Джон раскрыл портсигар. Тот оказался пустым. Джон повертел портсигар в руках, потом с треском захлопнул крышку.
– Ну, парень, – сказал он Петеру негромко, – давно с ней такого не бывало.
– Простите, пожалуйста, – пробормотал Петер, – я всё испортил.
– Да нет, наоборот, – сказал Джон и поднялся на ноги. – Она ведь точно каменная ходила уже сколько лет. Ни улыбки, ни слёз. Словечка не услышишь – только смотрит, если что-то надо, а я у неё в голове читаю. Как вот сейчас. И почти всё время невидимая. Я-то знаю, где она, да только от этого не легче. А ты её… Ты её, кажется, расшевелил. Спасибо тебе.

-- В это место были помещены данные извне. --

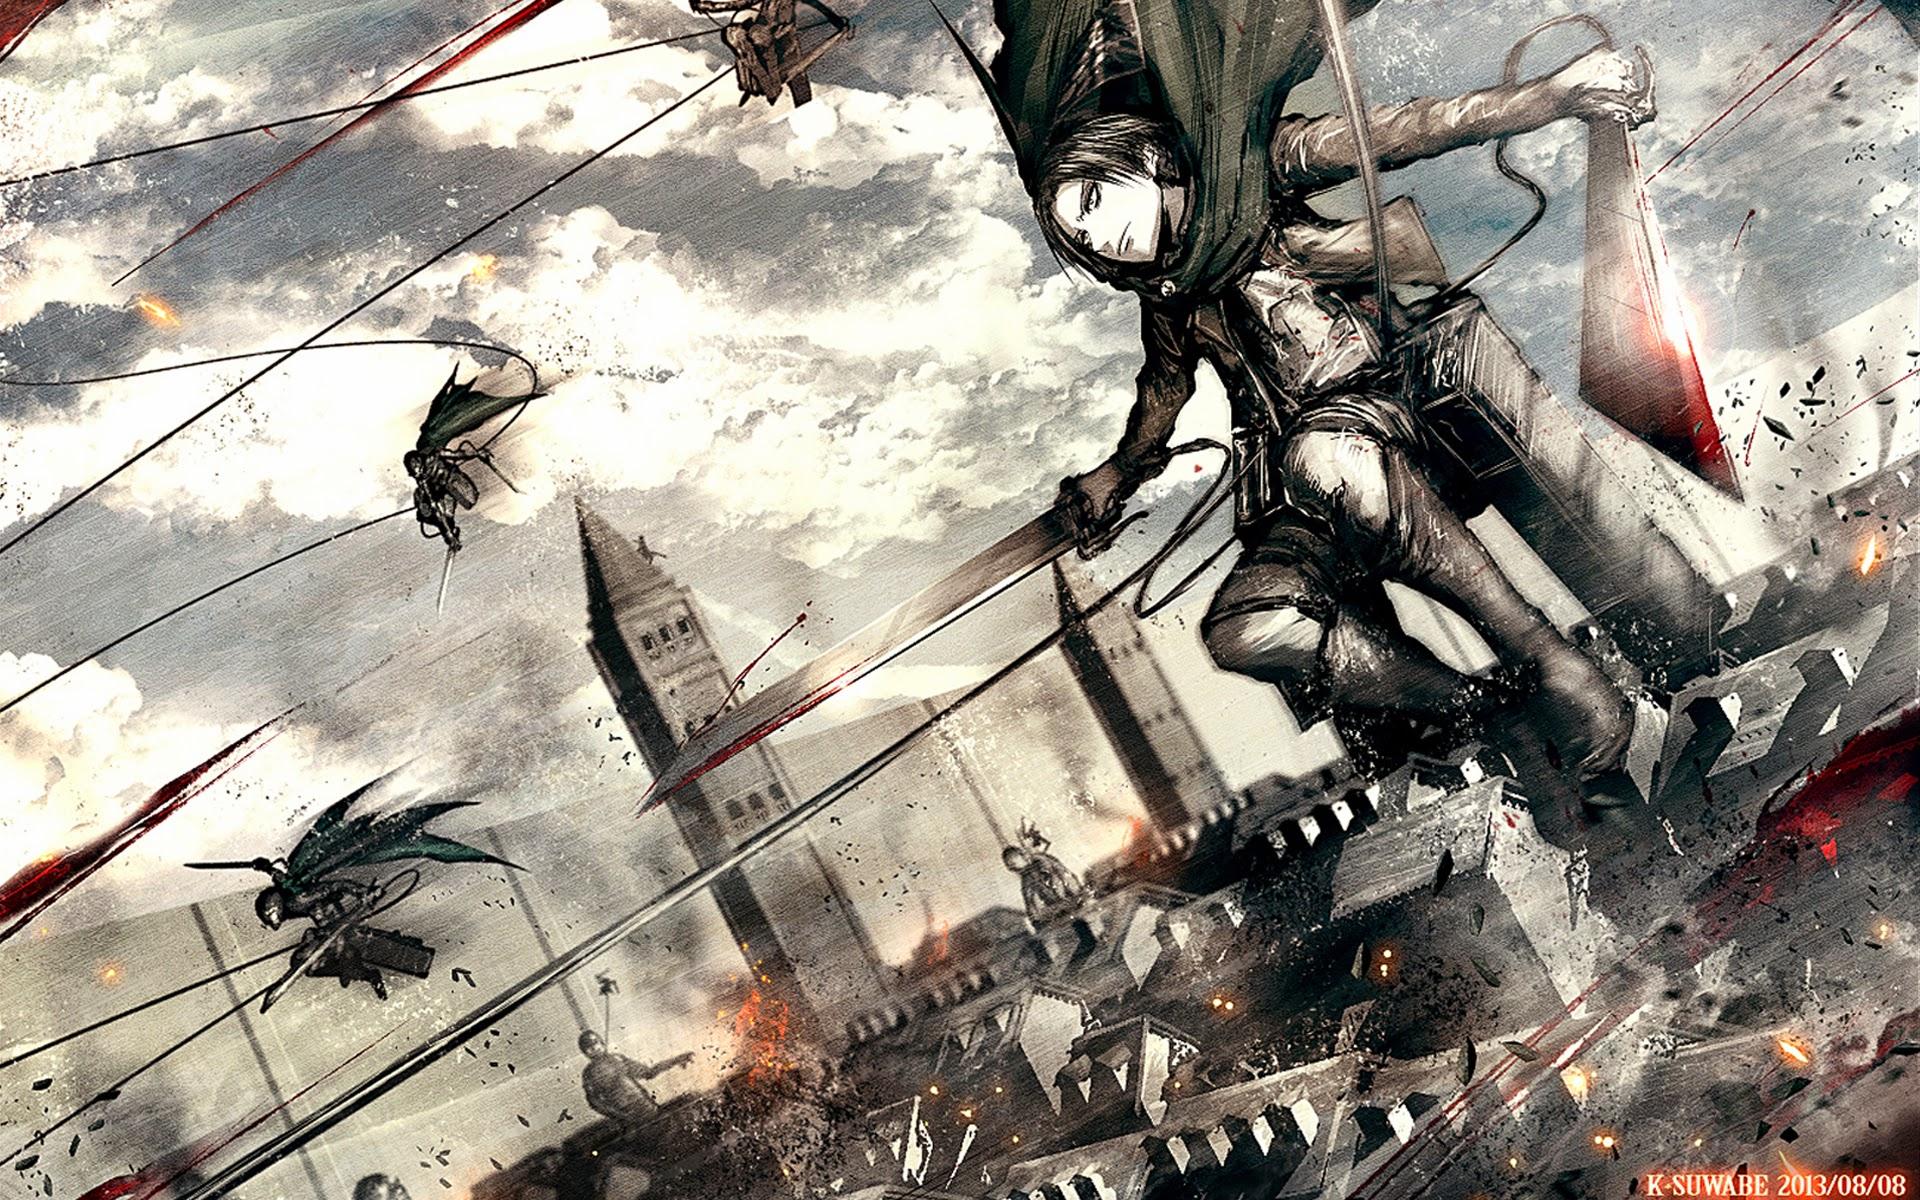 Attack on Titan Levi Picture 9v Wallpaper HD 1920x1200
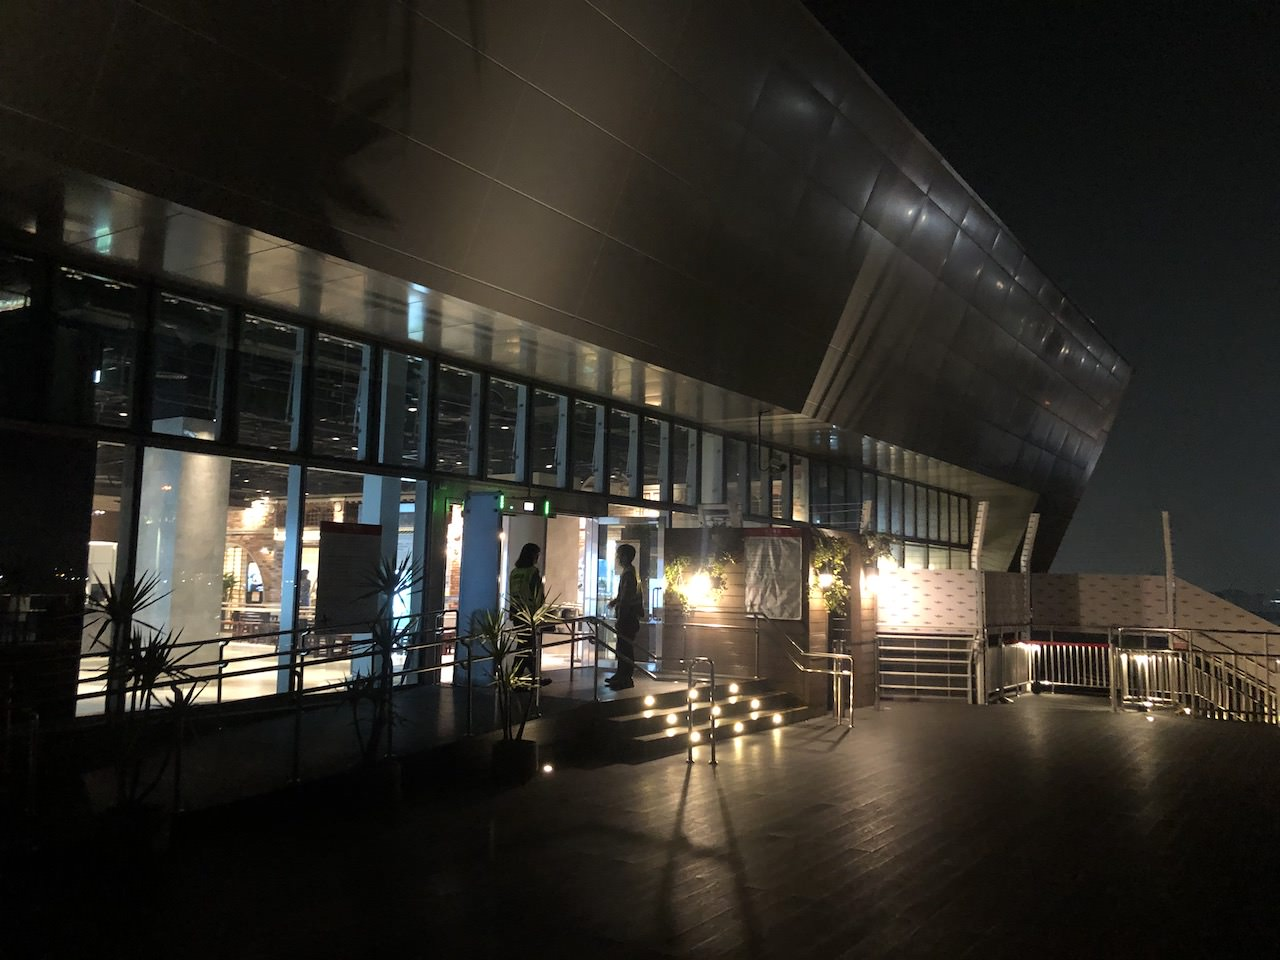 桃園空港第2ターミナル 5階 南側展望デッキ

Петер покраснел и потупился.
Джон прошёлся, разминая ноги, и легонько пнул ведро.
– Знали бы вы, как мне вас неохота отпускать, – сказал он.
– Неохота? – Кат поднял голову.
– Да. Вы мне понравились.
– Чем же? – удивился Петер.
Джон покрутил ногой в стоптанном ботинке, растирая брошенный часом раньше окурок.
– Страданием своим, – отрывисто, сквозь зубы сказал он.
– Страданием? – переспросил Петер.
Джон выпрямился.
– Именно, – сказал он. – У вас обоих кое-что есть за душой. То, что не даёт покоя. То, что не можете забыть. Не можете простить себе. Мне отсюда вас не прочитать: многоуровневая блокада, мать её. Но опыт, знаете ли... Так как? Прав я, или нет?
Петер сгорбился, разглядывая собственные ботинки, покрытые засохшим песком и хвоей.
– Да, – выдавил он.
Кат промолчал. Джон поглядел на него из-под шляпы и понимающе кивнул.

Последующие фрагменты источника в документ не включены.